A number of companies and recording artists have stated to the media that they are boycotting North Carolina because of HB2 colloquially known as the Bathroom Bill.  What they seem to object most to is that the Bill states one must use the bathroom that corresponds with the gender listed on a person’s birth certificate.

Very recently, the Federal government sent a letter to school boards directing them, under threat of having certain funding removed, to allow students identifying as transgender to use the restrooms, changing rooms, and locker rooms that is in keeping with their preferred gender regardless of the gender listed on their birth certificate.

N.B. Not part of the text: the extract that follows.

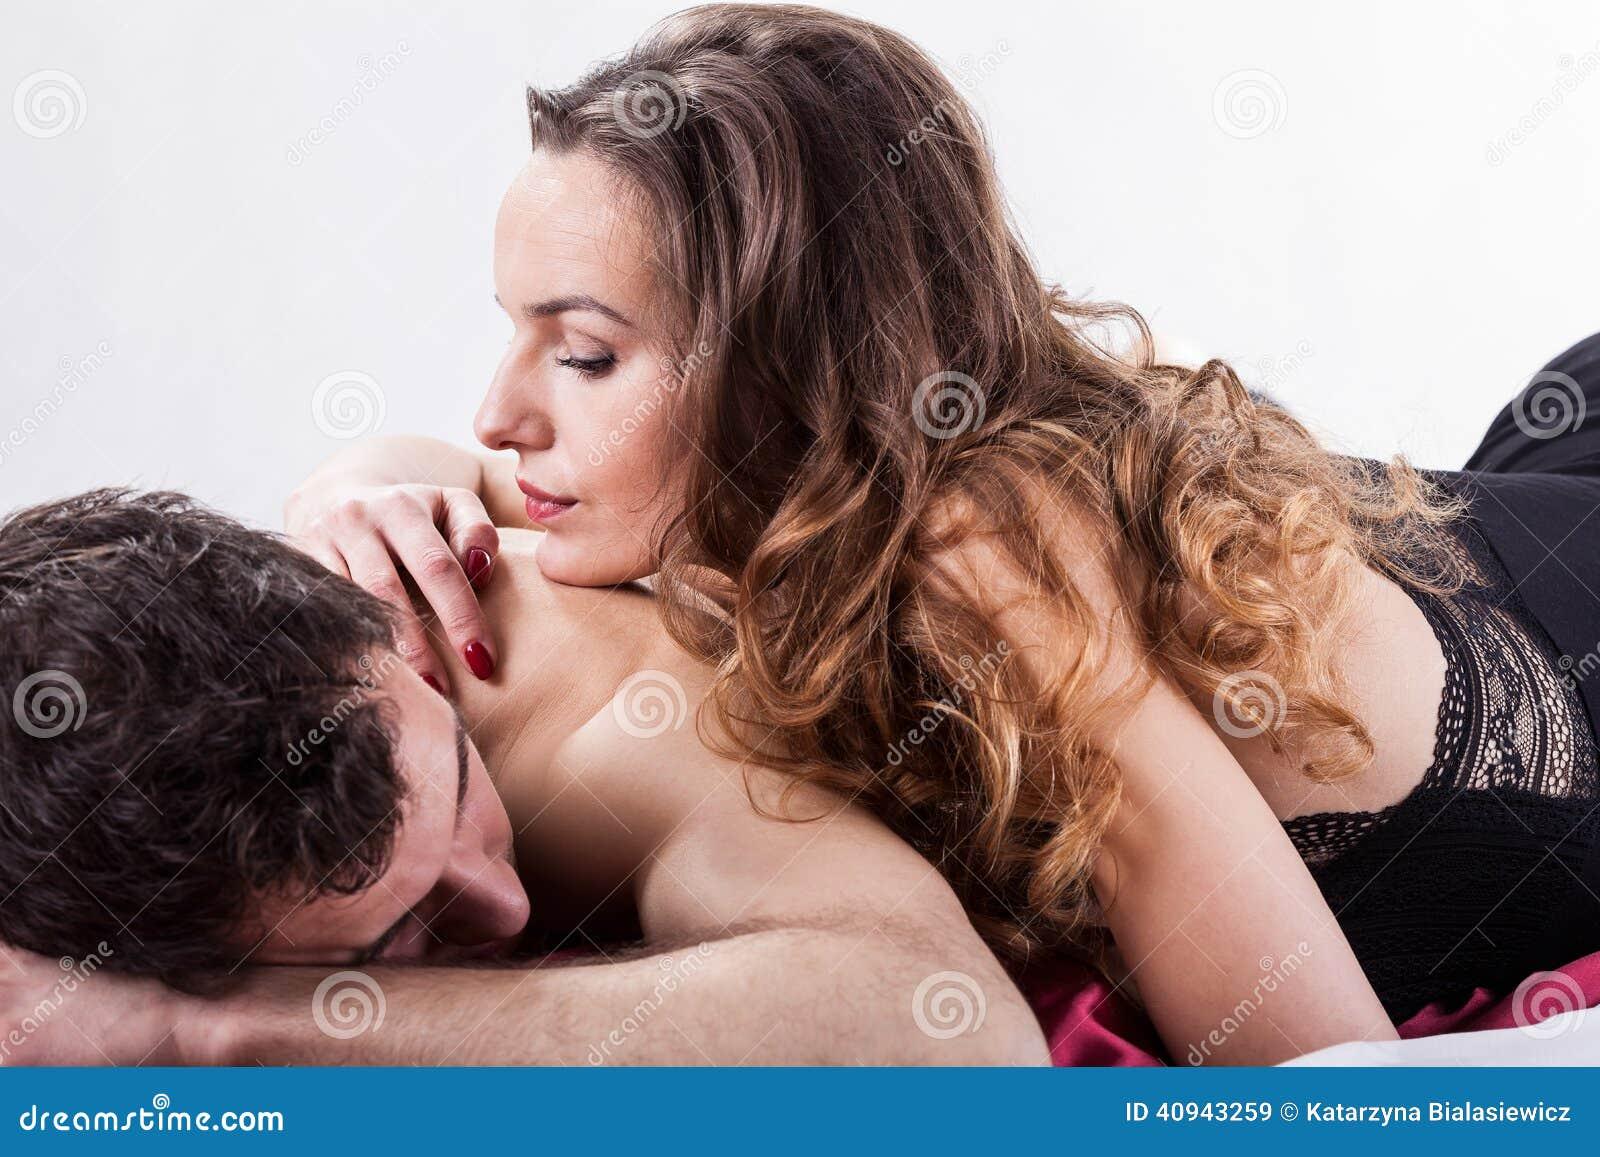 Erotische Momente Im Schlafzimmer Stockbild - Bild von geliebte ...

Restroom and Locker Rooms_Government LetterIt doesn’t end with just restrooms, changing rooms, and locker rooms.  It extends to sleeping accommodations for overnight field trips and housing accommodations.

Housing and Overnight Accommodations_Government LetterThat may be all well and good among the LGBTQIA community and their supporters and allies, however, this causes other serious problems, some of which impact on crime and the justice system.

You see, just as recently, the media reported on a 15-year-old female student who went into the female restroom facilities followed by 25 (allegedly) male students.  She then had sexual relations with these 25 (allegedly) male students, 16 of whom have been disciplined (with no mention in the news story as to what that discipline was, or why the other 9 were not disciplined).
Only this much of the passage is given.